= Roy B. Kester =

American accounting scholar (1882–1965)

Roy Bernard Kester (September 11, 1882 - October 21, 1965) was an American accountant, and Professor of accounting at the Columbia University. He is known as a prolific author in the field of accounting.

== Biography ==
Born in Cameron, Missouri to Julius B. and Jessie M. Corn Kester, Kester attended Cameron High School, and obtained his BA in economics in 1902 at Missouri Wesleyan College. About a decade later he obtained another BA from the University of Denver, in 1911. He continued his studies at Columbia University, where he obtained his MA in 1912 and his PhD in 1919. In between, in 1914, he obtained his CPA license for the State of Colorado.

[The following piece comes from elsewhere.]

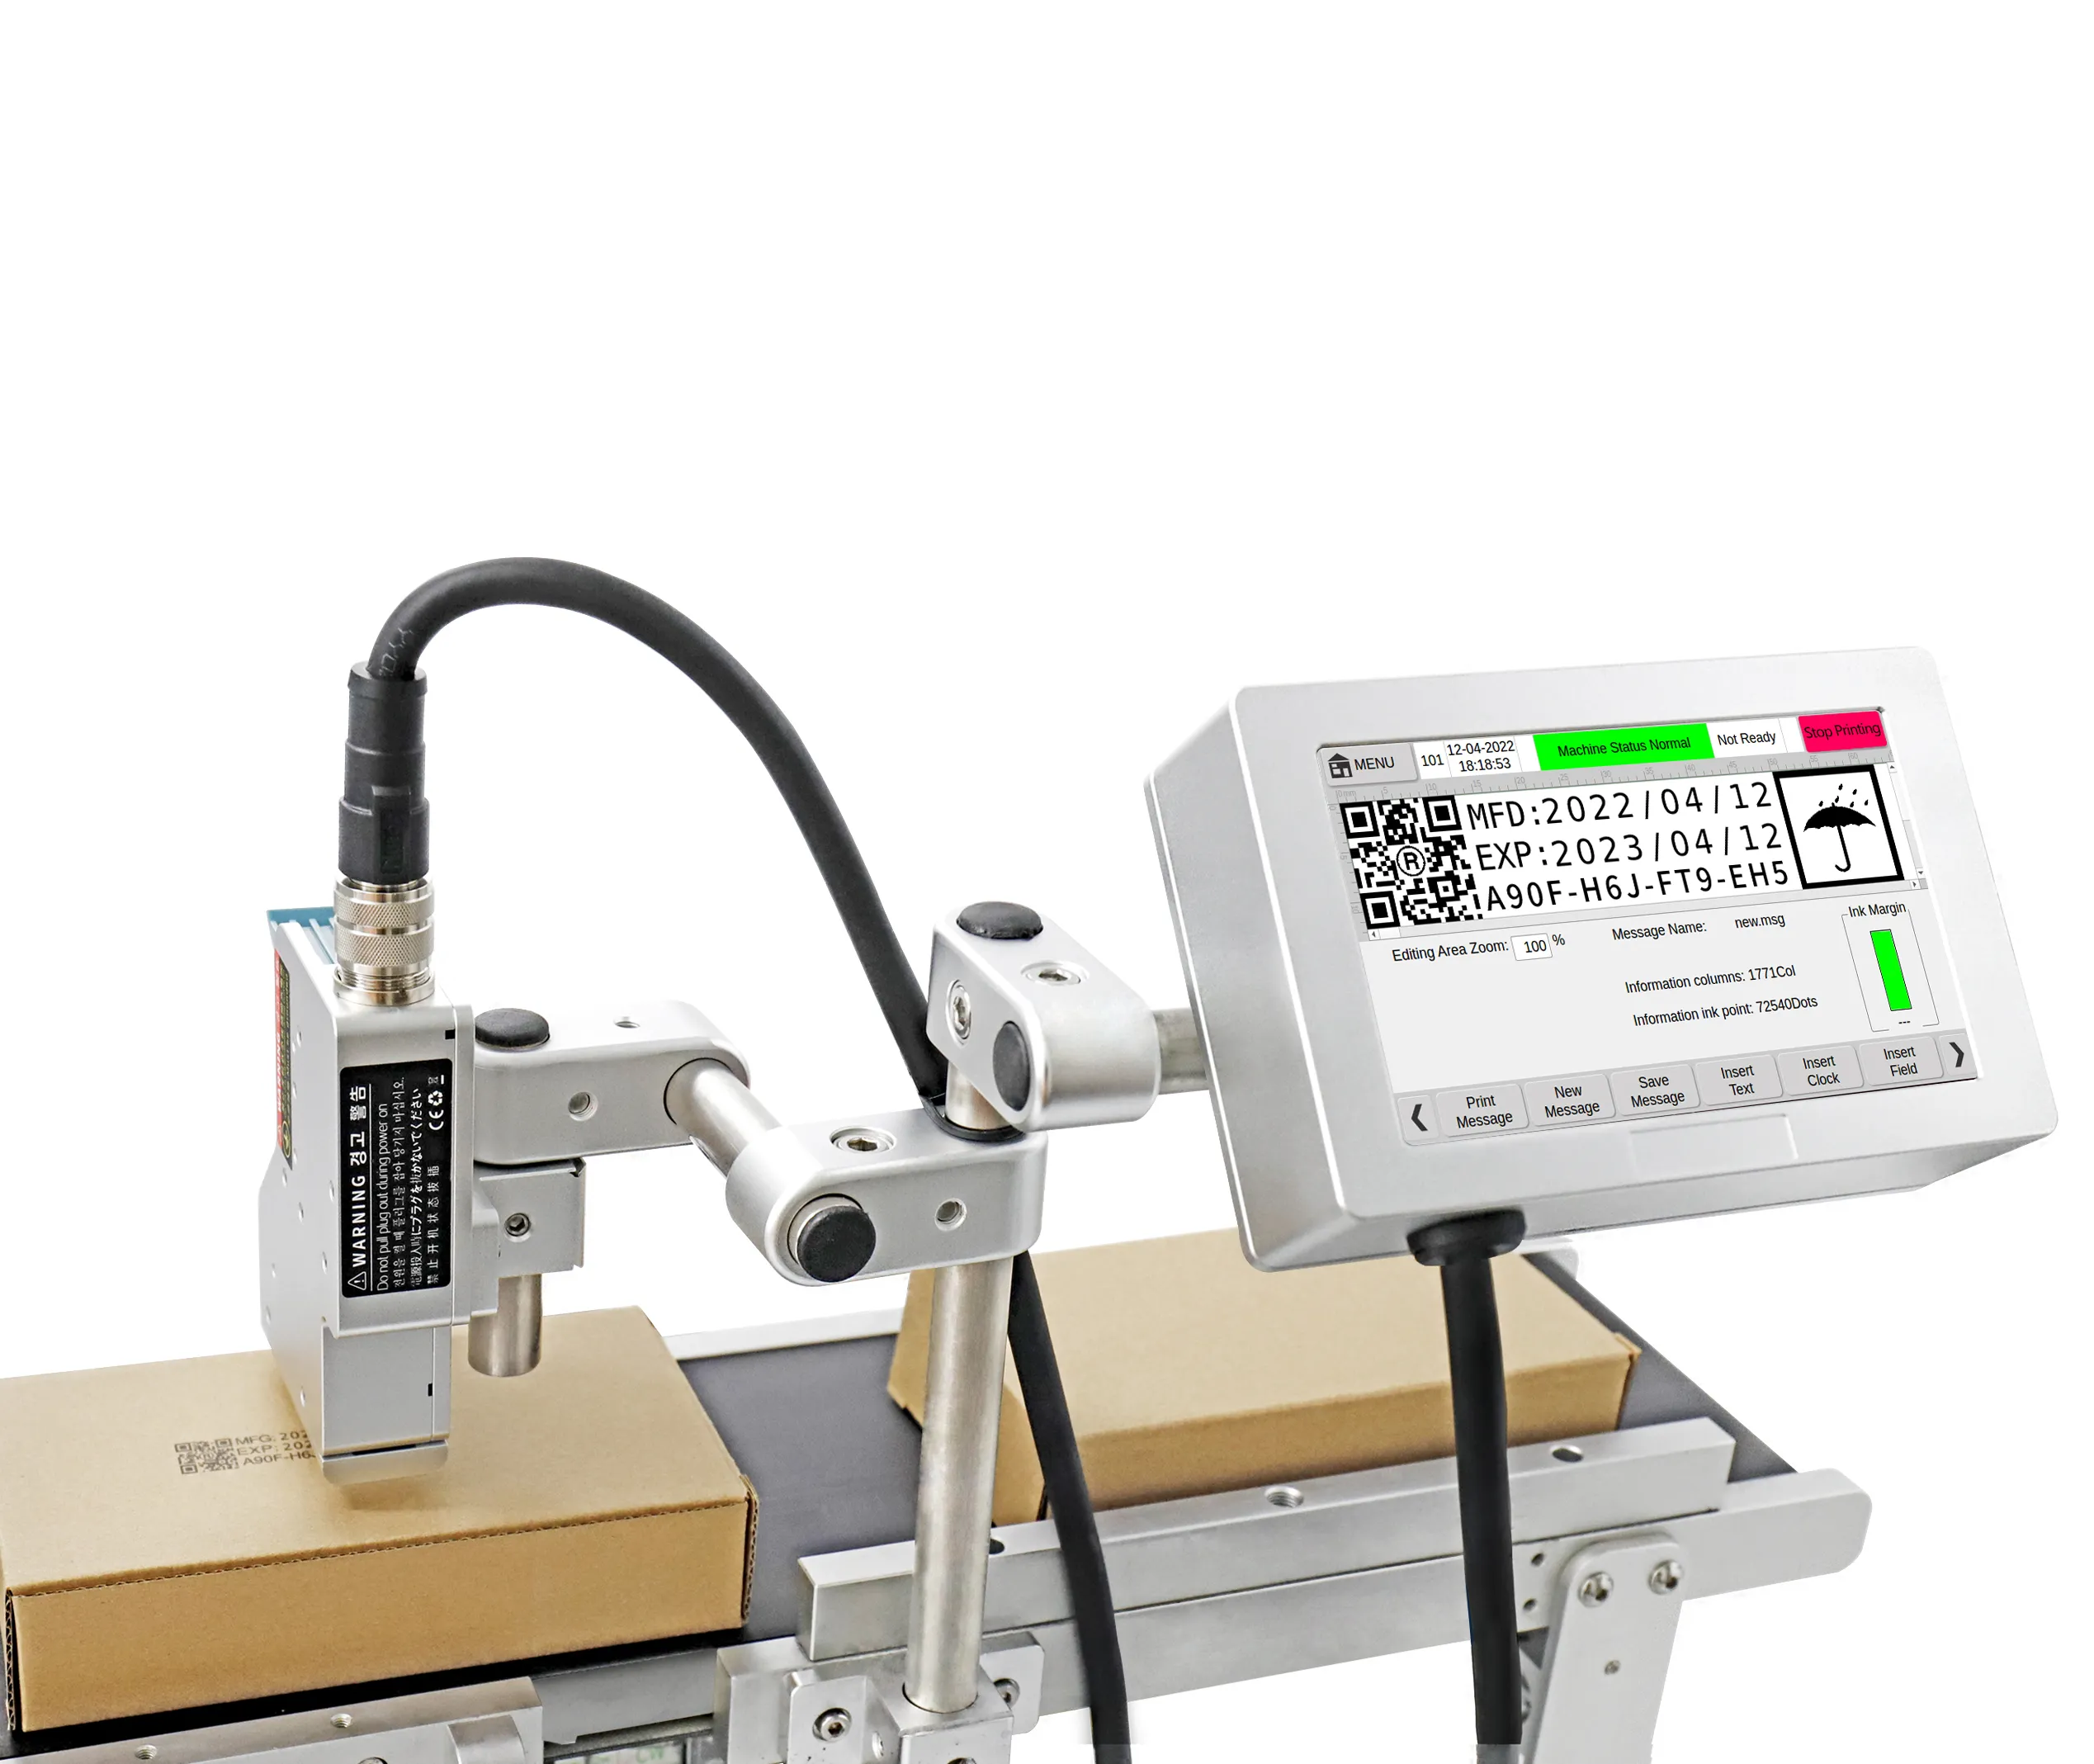 DOCOD OEM/ODM T180P 12,7 мм TIJ an струйный принтер цена промышленной этикетки аппликатор для даты истечения срока годности QR-код номер партии L1118

Kester had started his academic career at the Missouri Wesleyan College in 1902, and from 1907 he was also lecturer at East Denver High School and subsequently at the University of Denver. In 1915 he moved to Columbia University in New York City, where he worked his way up from Assistant Professor in 1919, to Associate Professor in 1920, and to Full Professor in 1922. He served until his retirement in 1948. Among his PhD students was Henry Whitcomb Sweeney (1898-1967). From 1911 on, Kester also was working as a practising public accountant, and had joined the New York accountancy firm Boyce, Hughes and Farrell in 1917.

Kester was elected vice president of the American Accounting Association from 1922 to 1925, and served as its president during 1925. From 1925 to 1928 he served at the National Academy of Arbitrators as director of research in cost and management accounting, as successor of Professor Gould Harris of New York. In 1941 Kester was awarded an honorary Doctor of Laws degree by Baker University. He was inducted into the Accounting Hall of Fame in 1957.

== Selected publications ==
- Kester, Roy Bernard. Accounting theory and practice. Vol. 2. The Ronald Press Company, 1918.
- Kester, Roy Bernard. Depreciation. No. 28. Ronald Press Company, 1924.
- Kester, Roy Bernard. Advanced accounting, with practice problems. (1946).